Heidi Chain, president of the 112th Community Precinct Council, said while the additional parking meters were intended to improve pedestrian crossing, they would also increase the number of people jaywalking outside the crosswalks.

Cannisi agreed that there were kinks to be worked out, but he said the plan had unfortunately been released without DOT approval, calling it a “premature story that shouldn’t have been out yet.”

The parking conversion is the latest of several steps taken to slow down cars and protect pedestrians along the roadway. Other measures have included reducing the speed limit to a uniform 30 mph, the addition of 20 seconds of crossing time for pedestrians, traffic-light cameras to ticket drivers who fail to stop at red lights, median fencing to prevent crossing outside crosswalks and a series of ticket blitzes in which police have cracked down on speeders, drivers who fail to yield to pedestrians in crosswalks and jaywalkers.

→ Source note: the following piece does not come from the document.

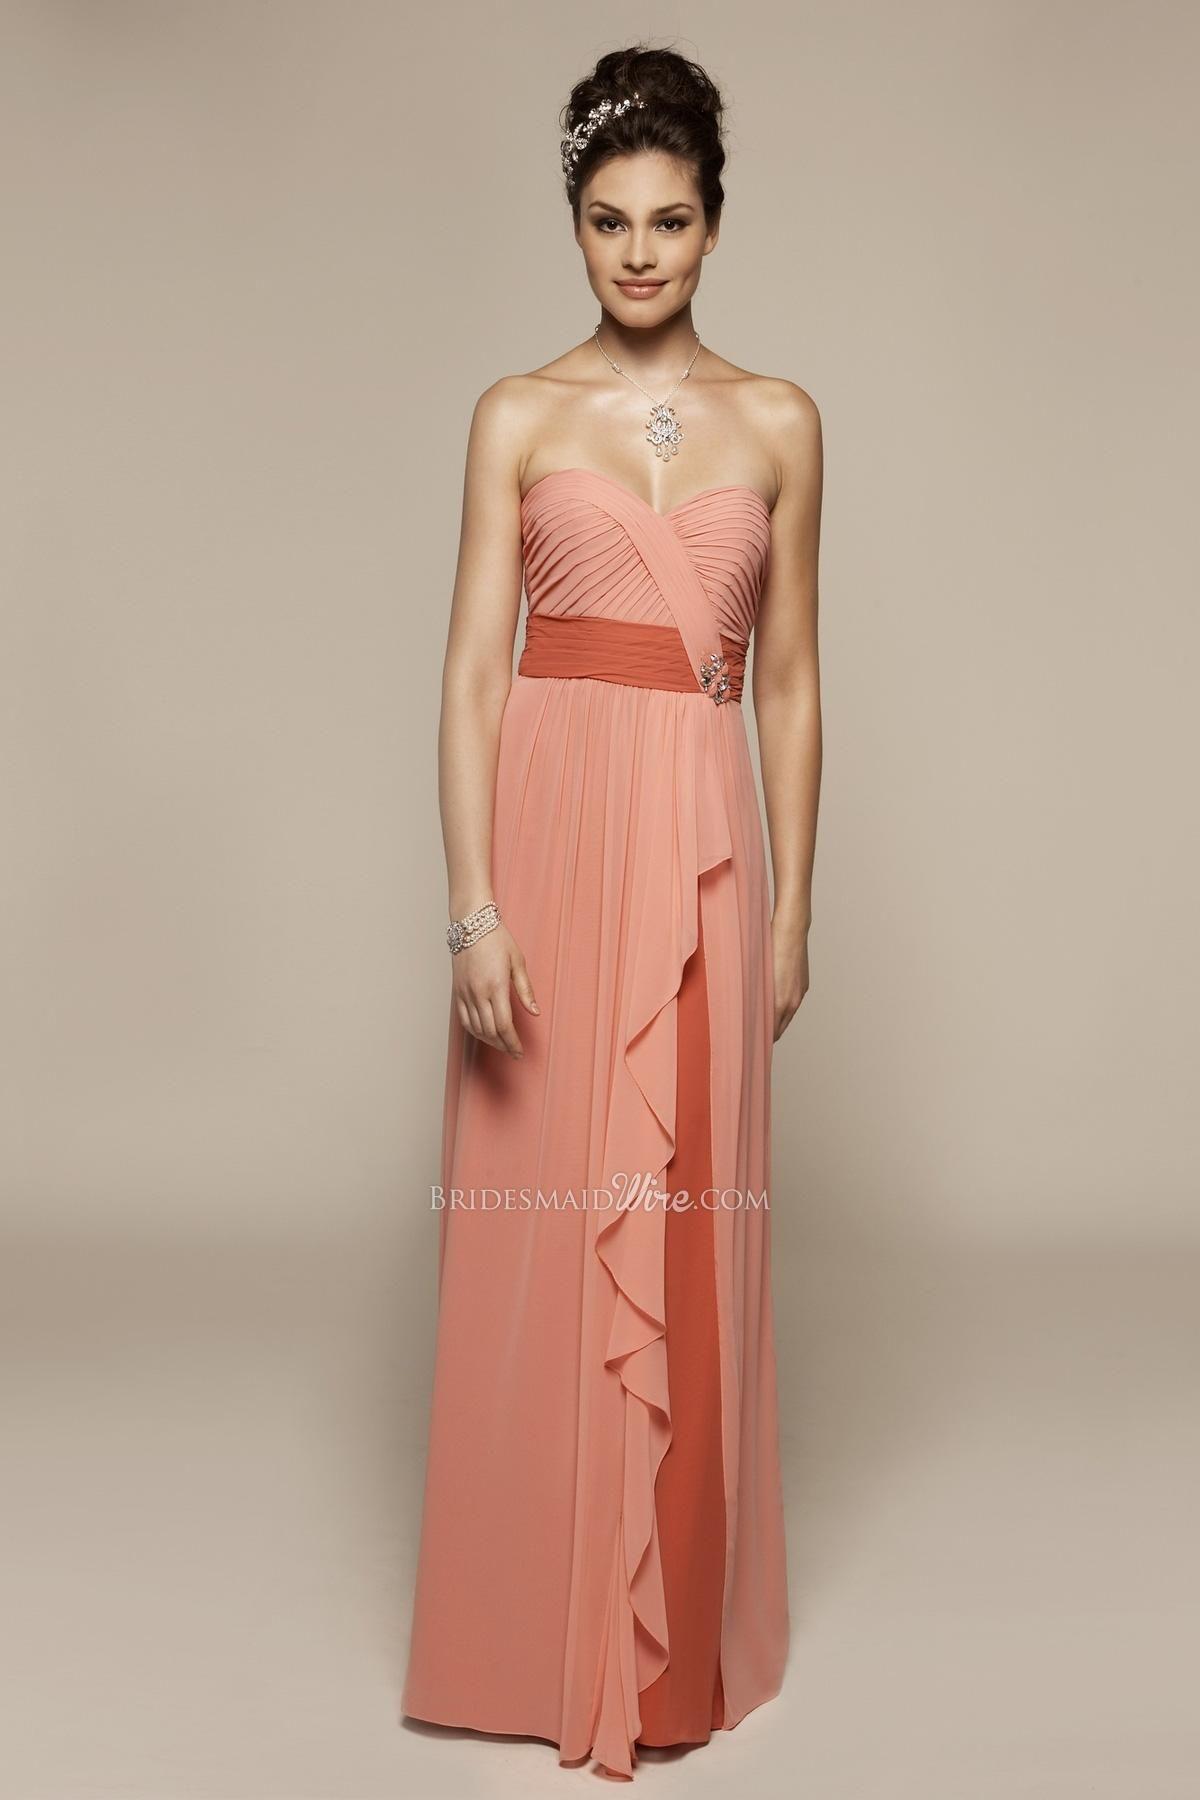 shirred bodice peach long #bridesmaid dress with cascading #skirt ...

Commanding Officer Anthony Mullen of the 110th Police Precinct in Elmhurst said more than 60,000 summonses had been issued along Queens Boulevard so far this year for speeding, failure to yield and jaywalking. Officers of the 108th, 110th and 112th precincts in Long Island City, Elmhurst and Forest Hills have handed out the summonses.

Councilwoman Karen Koslowitz (D-Forest Hills) said when her daughter learned about the Queens Boulevard slowdown, she told her mother, whom she often drove to work in the morning, “Well, you can forget about me picking you up anymore.”